**Data segment**
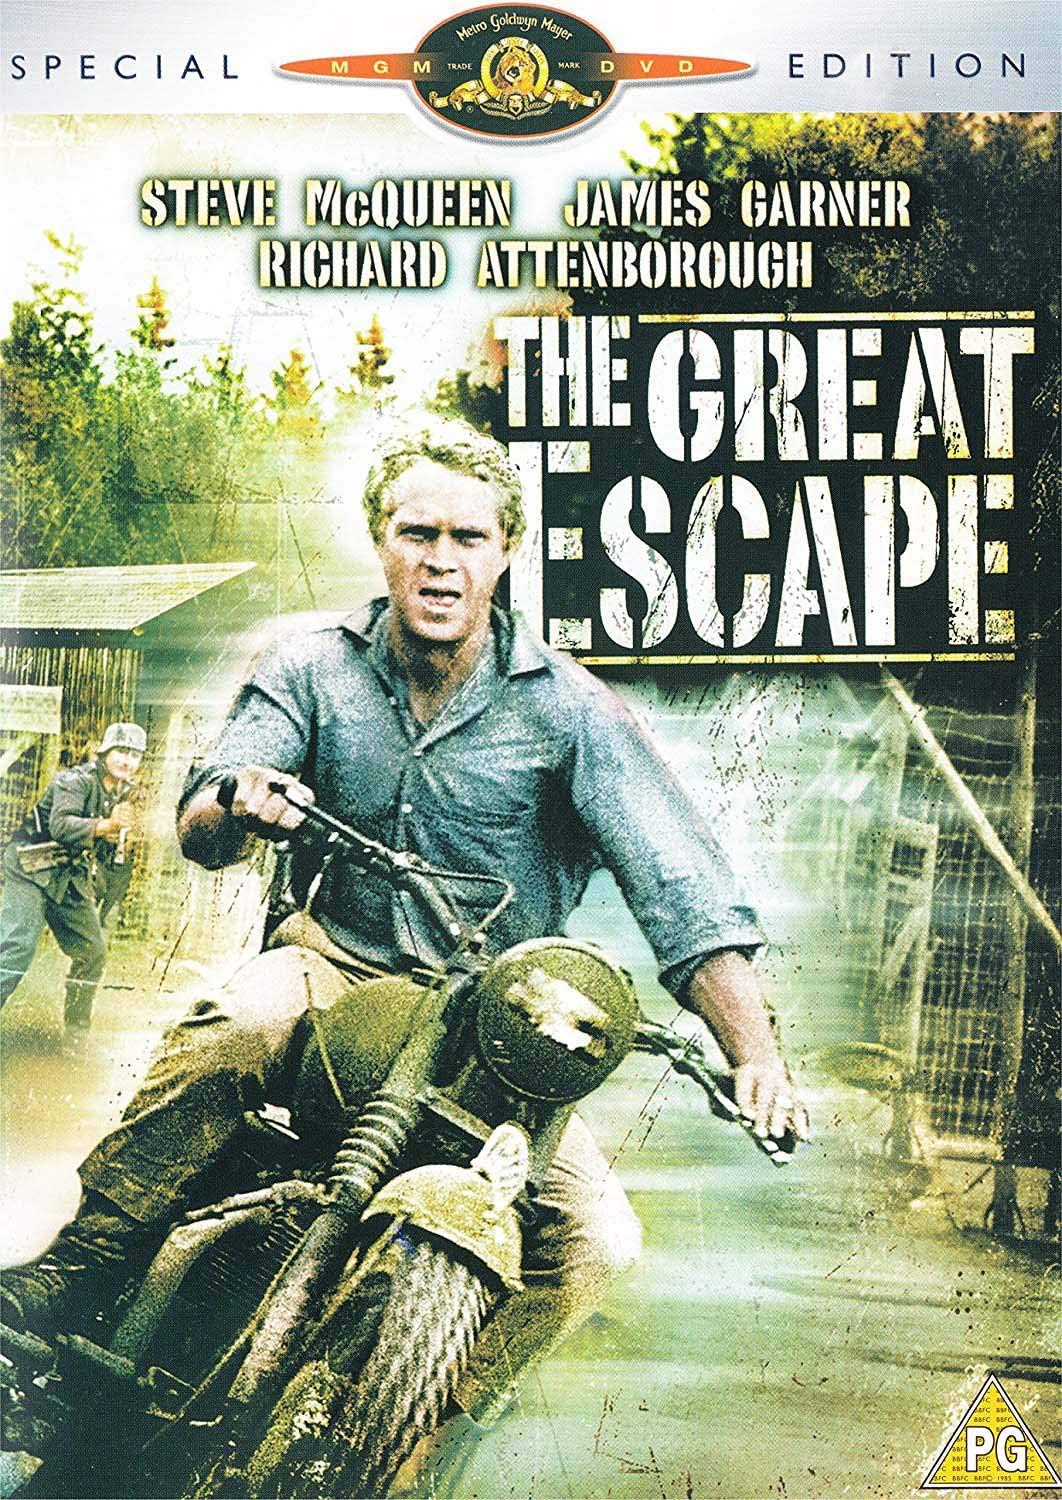 The Great Escape - Action [1963] [DVD]
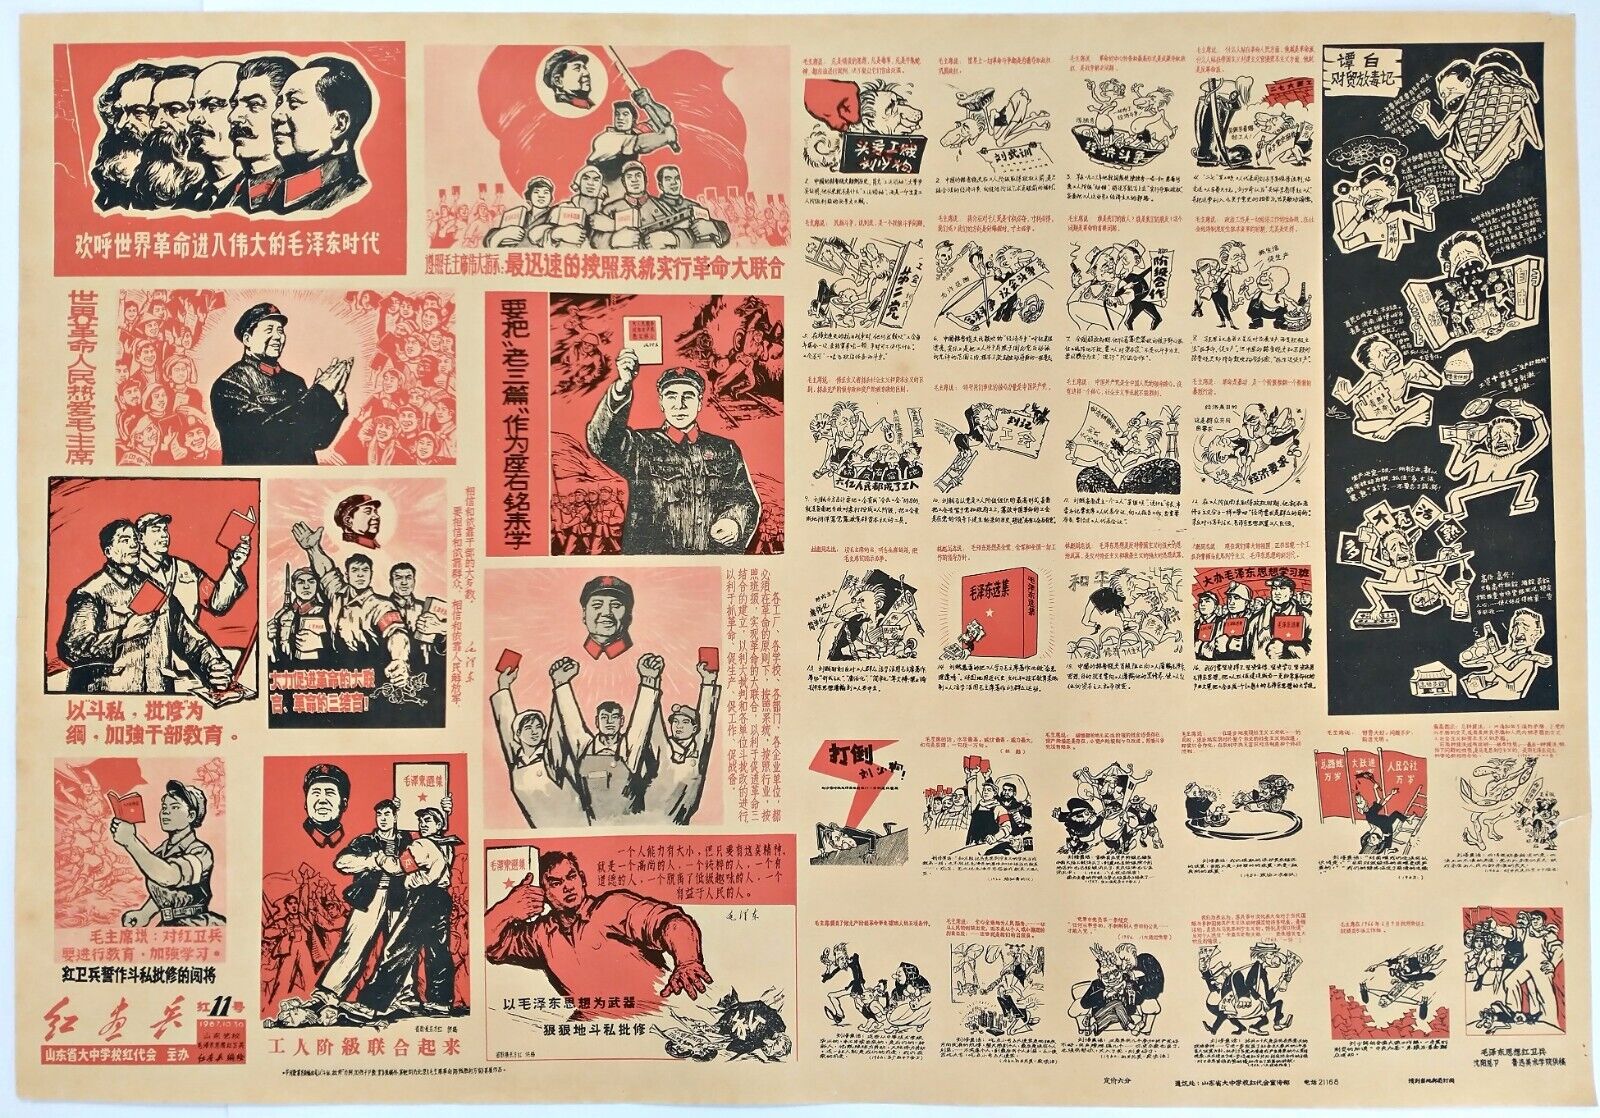 CHINESE CULTURAL REVOLUTION POSTER 60\'s VINTAGE - US SELLER - POSTER COLLAGE
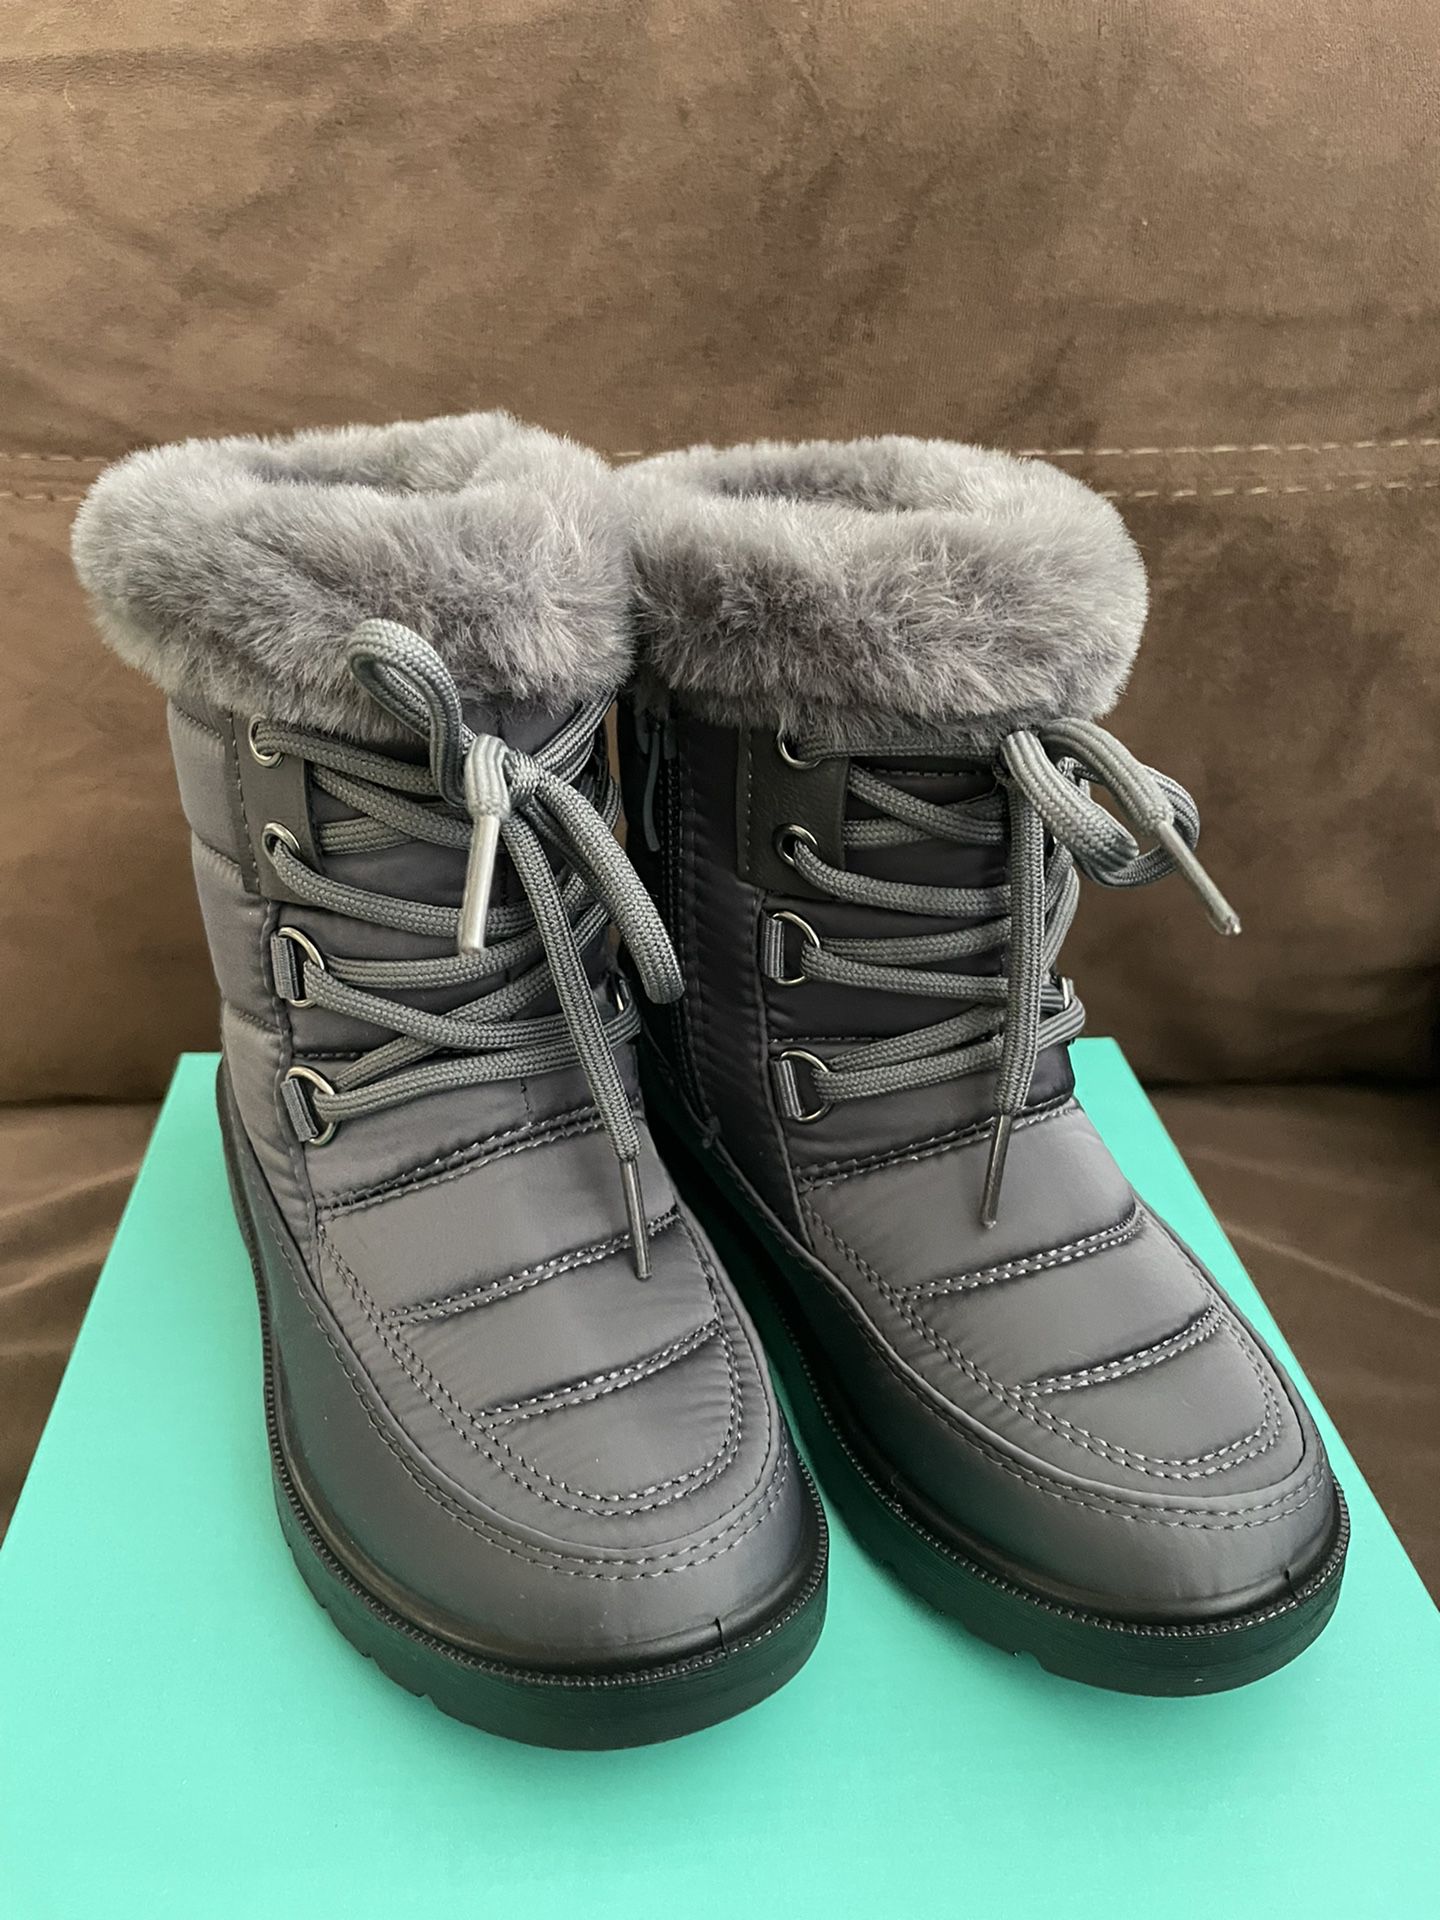 Snow Boots - Size 10 (child)
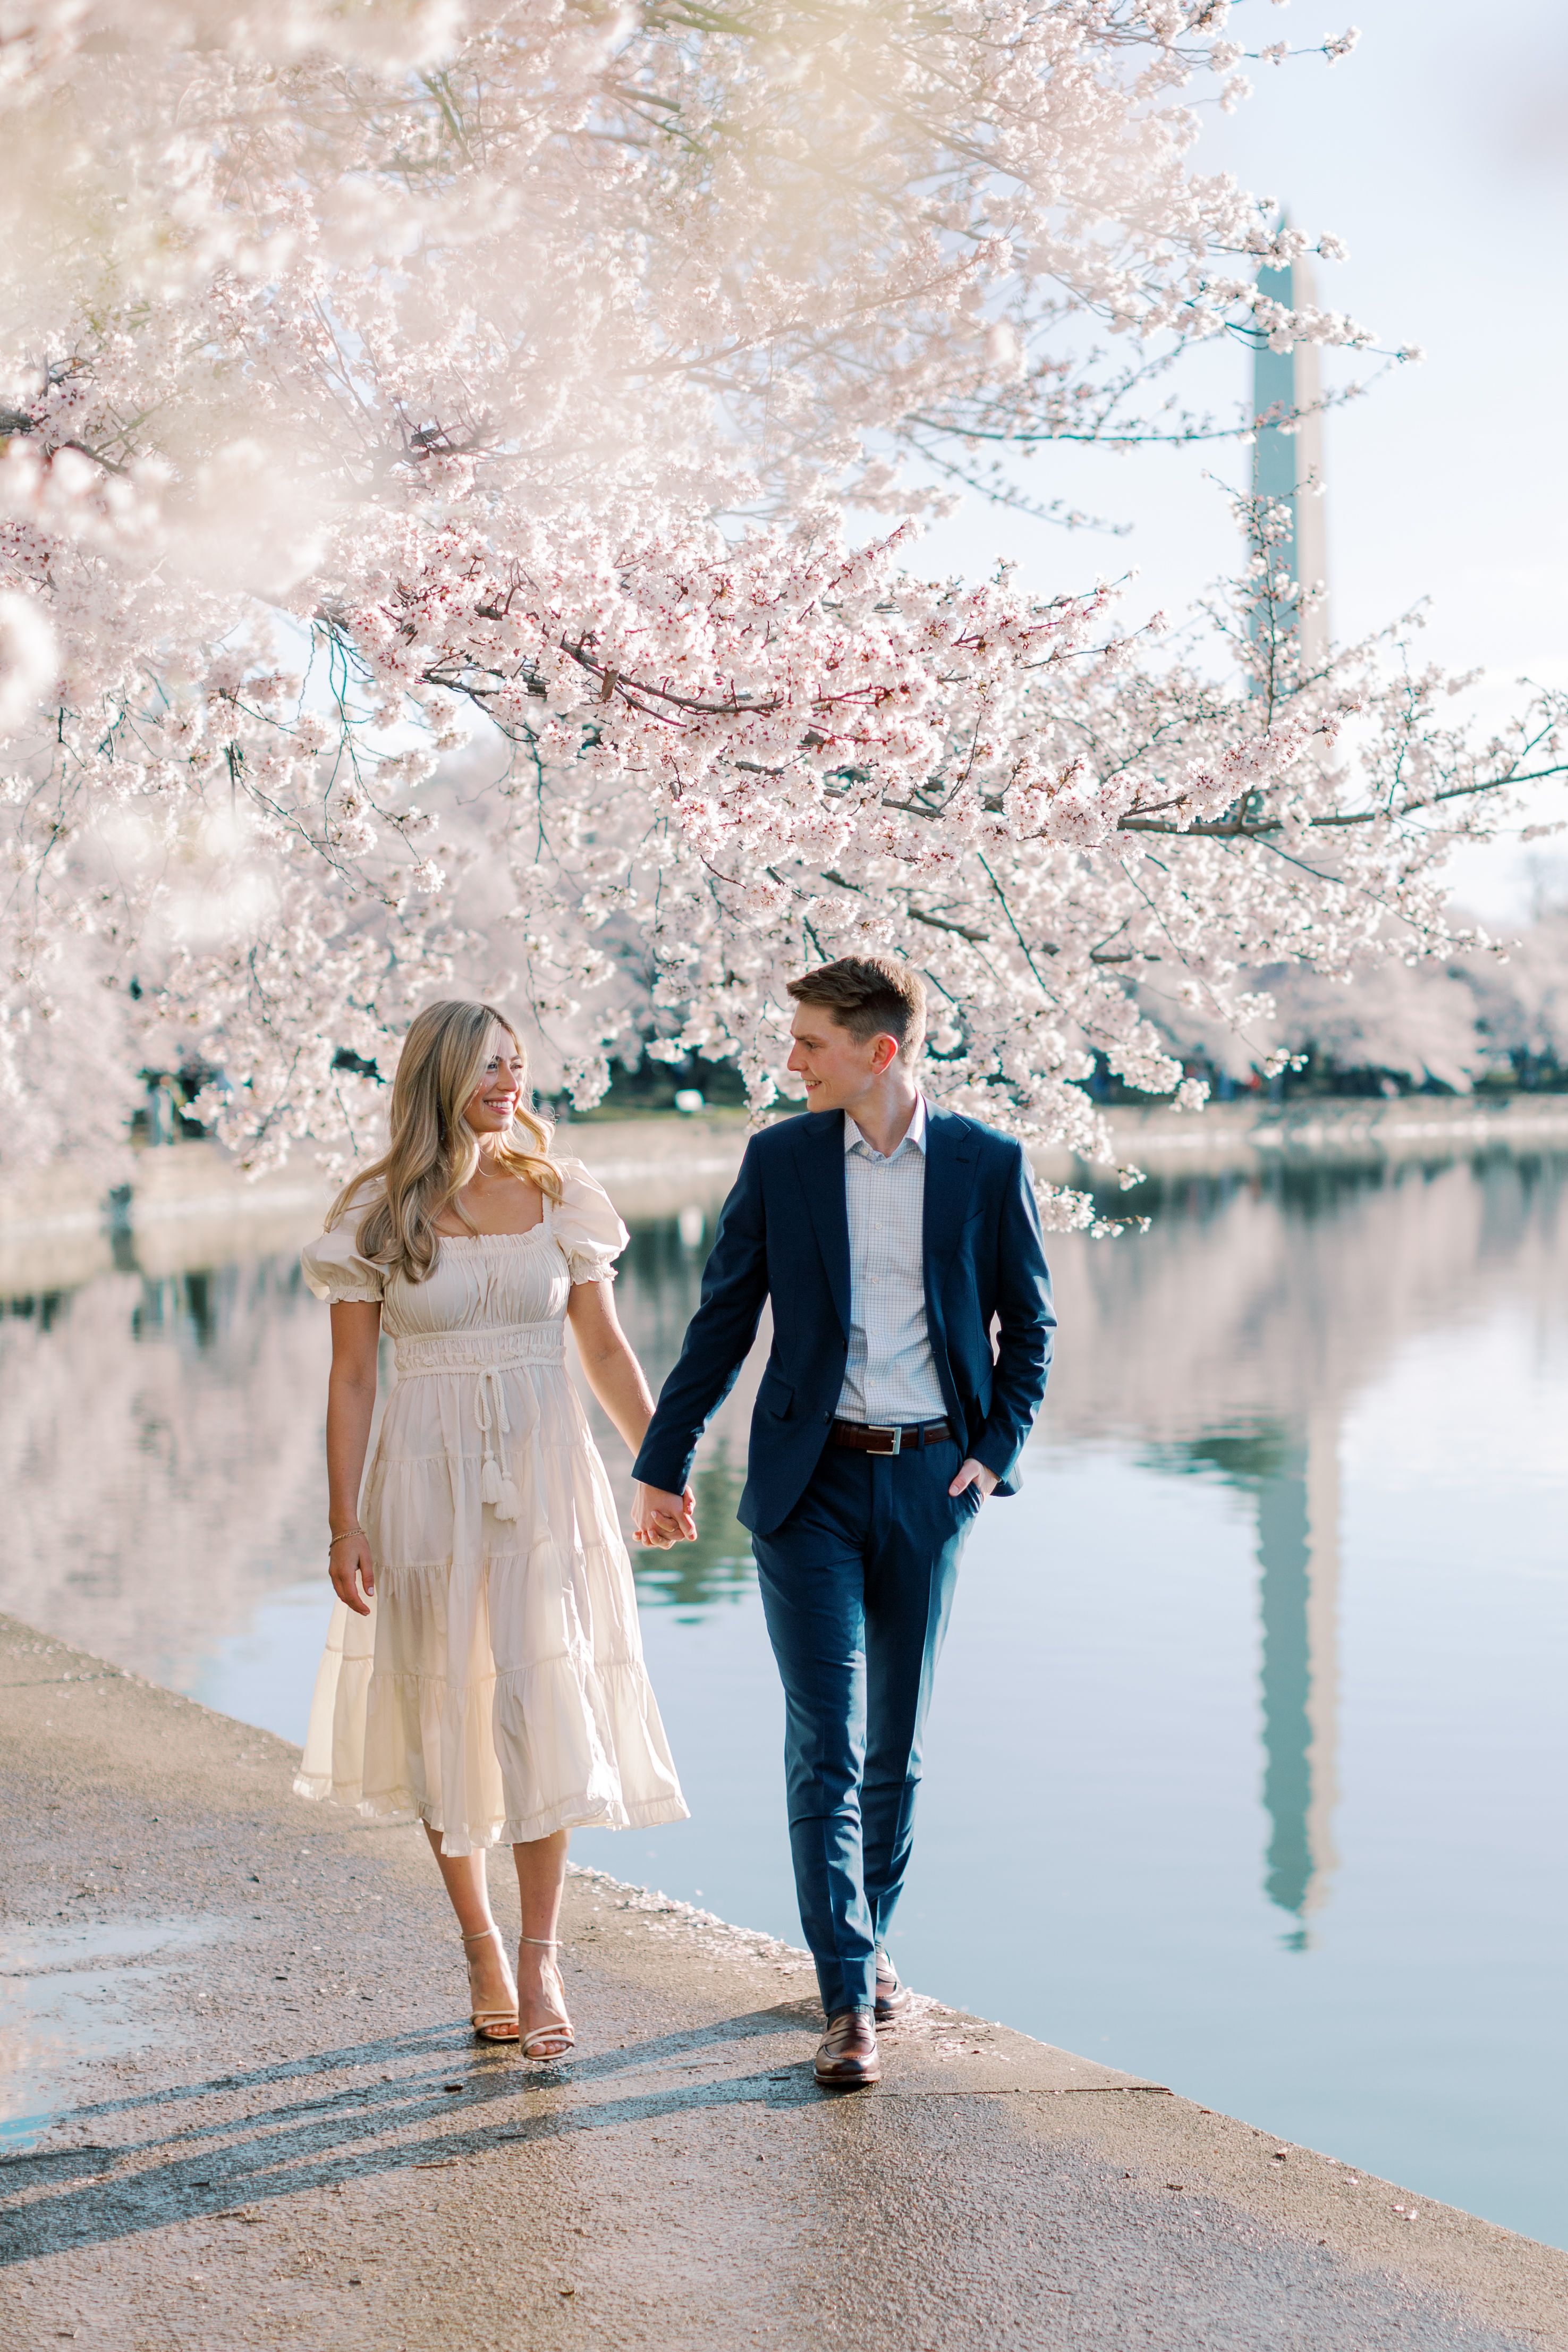 A couple poses in front of cherry blossoms with the monument in the background.

**What the task asks**
Retype the listing exactly and drop the pictures.

**Response box**
 The Great Escape - Action [1963] [DVD]
 CHINESE CULTURAL REVOLUTION POSTER 60\'s VINTAGE - US SELLER - POSTER COLLAGE
 Snow Boots - Size 10 (child)
 A couple poses in front of cherry blossoms with the monument in the background.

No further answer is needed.